Archive for the ‘Beverley Nichols’ Category

When I picked up Merry Hall by Beverley Nichols, I was incredibly excited.  Whenever I’ve asked about for recommendations of good gardening books, Nichols is invariably mentioned, either for the Merry Hall trilogy or the earlier Down the Garden Path, both semi-fictional chronicles of his gardening efforts at his homes.  And I was indeed delighted and amused by Nichols from the first page to the last, though I came away with no great fondness for the man himself.

After the (second) war, Nichols had a modest but rather specific goal in mind:  I wanted a house.  And I wanted a Georgian house.  And I wanted a garden of at least five acres.  A garden which, for preference, should be wrecked and lost and despairing.  Nichols completely won me over when he began praising Georgian architecture and deriding Tudor cottages in no uncertain terms.  Generally, he is a narrator who deals in absolutes – if your opinion is not the same as his, it is incorrect and you are to be pitied – but here, still early on in the book, he couches his opinion of all dissenters in rather gentler (for him) terms by at least first explaining the obvious disadvantages of the Tudor style:

…though it may seem sad, one grows out of Tudor cottages.  Little by little, the charm of being stunned and set reeling to the wall, six times a day, by the low beams on the ceiling, is apt to pall; one no longer darts gaily up to the bathroom for the sticking plaster, chortling with amusement at the nice Tudore bumpe on one’s forehand…It would be pleasant, one feels, to be able to stand up straight, from time to time…

As it is with comfort, so it is with taste; to linger in the Tudors is merely a sign of aesthetic adolescence; one must more on the eighteenth century, and if one has any sense, stay there.

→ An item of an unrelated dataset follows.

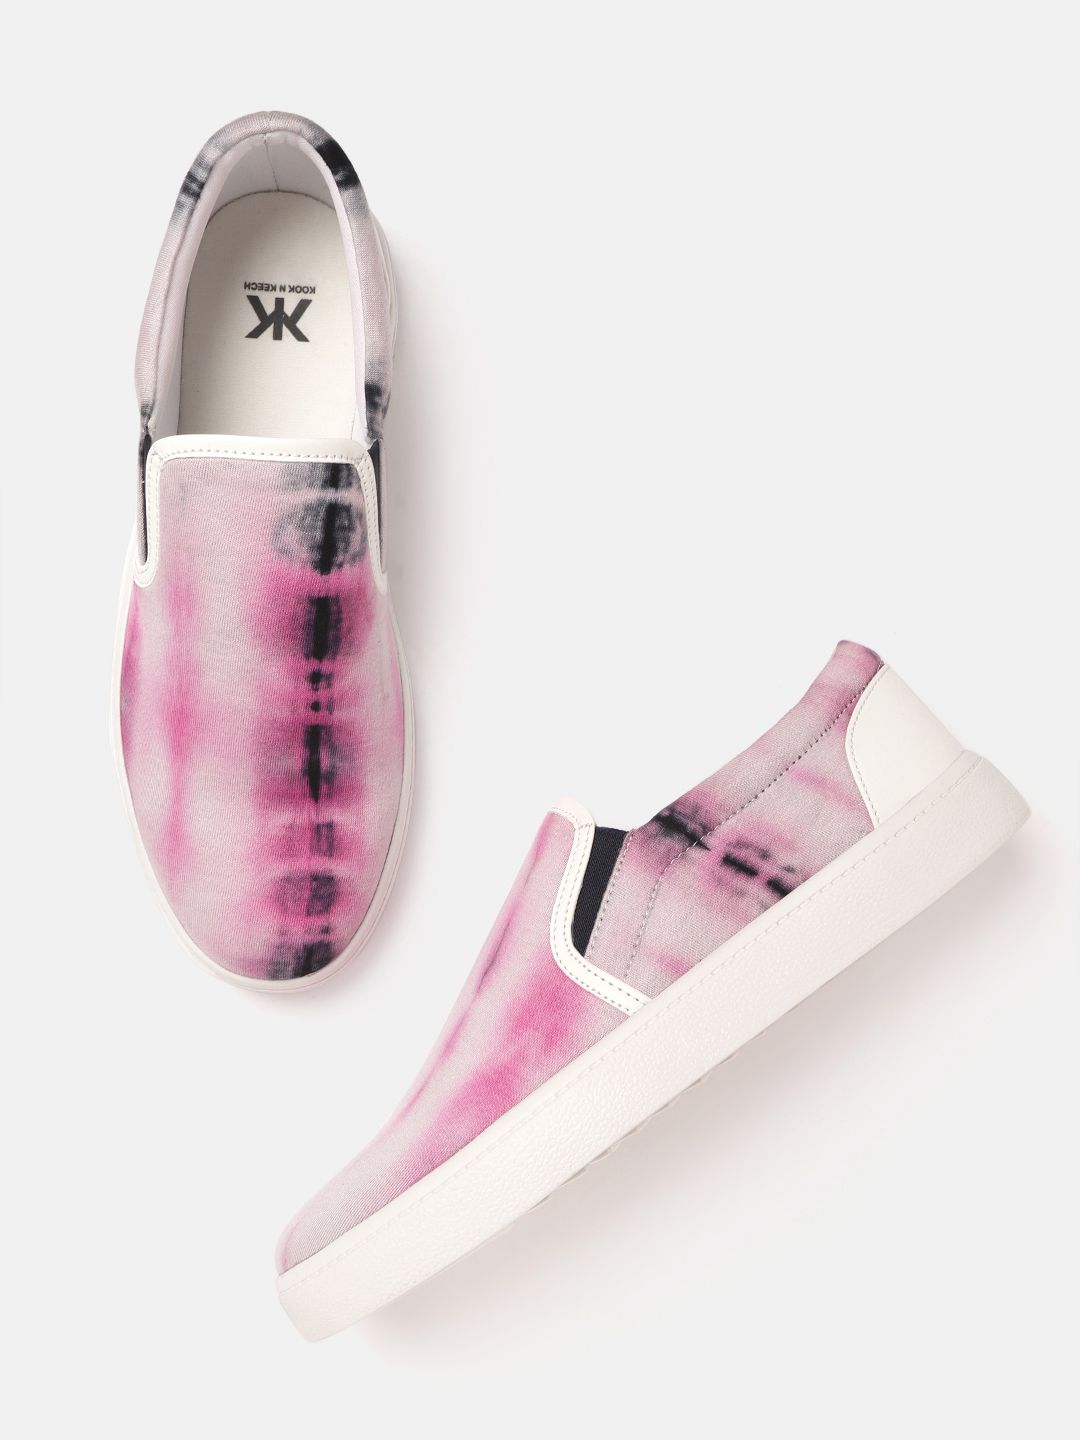 Kook N Keech Women Pink & Black Tie-Dye Slip-On Sneakers Price in India

Nichols’ interest in Merry Hall is solely in the place itself.  He wants nothing to do with the neighbourhood and his neighbours, persistent though they might be at trying to befriend him and get their hands on the excess produce from his excellent vegetable garden.  Those rare moments when he either admits the interlopers into his home or finds they’ve breeched the gates themselves, he is of course subjected to a passive aggressive lecture criticizing all the changes he has made.  Because the neighbours who best like to visit are always the ones who new the old residents best and remain loyal even to their misguided and offensive garden designs (though Nichols is offended by an endless list of things).

While Nichols would probably make for an odious neighbour, with all his catty comments and ungenerous sentiments, these same features make him wickedly entertaining.  If you’re sensitive, this is not the book for you, as Nichols cheerfully insults all manner of people (women in particular).  Humourously, it is true, but quite seriously at the same time:

If you are in a position to plant a wood, and if you refrain from doing so, you must be, ipso facto, of a bleak and sullen disposition.  You are to be shunned.  It is arguable that your very existence should be made an offense in law.  To own a plot of land – to have enough money to plant that land with lilacs and maples and pines and pears, and not to do so, but to spend that money on something horrible like a mink coat…it is indecent.  Who wants to see you in a mink coat?  Nobody.

He is also horribly misguided in his love affair with that most vile plant, the lily (his infatuation with the lilies already growing at the house are part of what leads him to purchase it), but as he is right-thinking in most other gardening matters (except for his passion for displays of tiny cut flowers), he may be forgiven.  He is an opinionated narrator but then I am an equally opinionated reader.  I did shudder whenever he described his cats, ‘One’ (a Siamese – I find them only slightly less repulsive than lilies) and ‘Four’, but his gardening descriptions are excellent and his critical humour irresistible.

Nichols at Merry Hall

There were a number of surprisingly practical passages in the book, which I hadn’t at all anticipated.  I’m used to humourous garden literature being more about the journey and the gardener himself rather than what the garden is composed of, so such guidance was surprising but welcome.  Nichols’ has a passion for winter plants and very instructive suggestions for which ones to try.  He also offers detailed guidance on the different types of berberis.  And as I plan out my spring garden and begin to plant the bulbs in the next couple of months, I will certainly have to consider Nichols’ edict on the correct way of planting daffodils:

As we all know, the only way to plant daffodils is to pile them on to a tray, and then to run out into the orchard and hurl the tray into the air, planting them exactly where they fall.  There may be other, less orthodox methods; if so they should be spurned.  The tray, the ecstatic gesture…that is the only sure road to success.

I would certainly never qualify this as a gentle read – it’s too malicious for that – nor a particularly charming one – too theatrically camp for that – but it is still a highly entertaining story of a man and his garden.  I’ll certainly be wanting to read the remaining two books in the trilogy sometime this winter because, though his affection for his fellow man is rarely evident, Nichols’ love for his garden can never be in doubt:

Some fall in love with women; some fall in love with art; some fall in love with death.

I fall in love with gardens, which is much the same as falling in love with all three at once.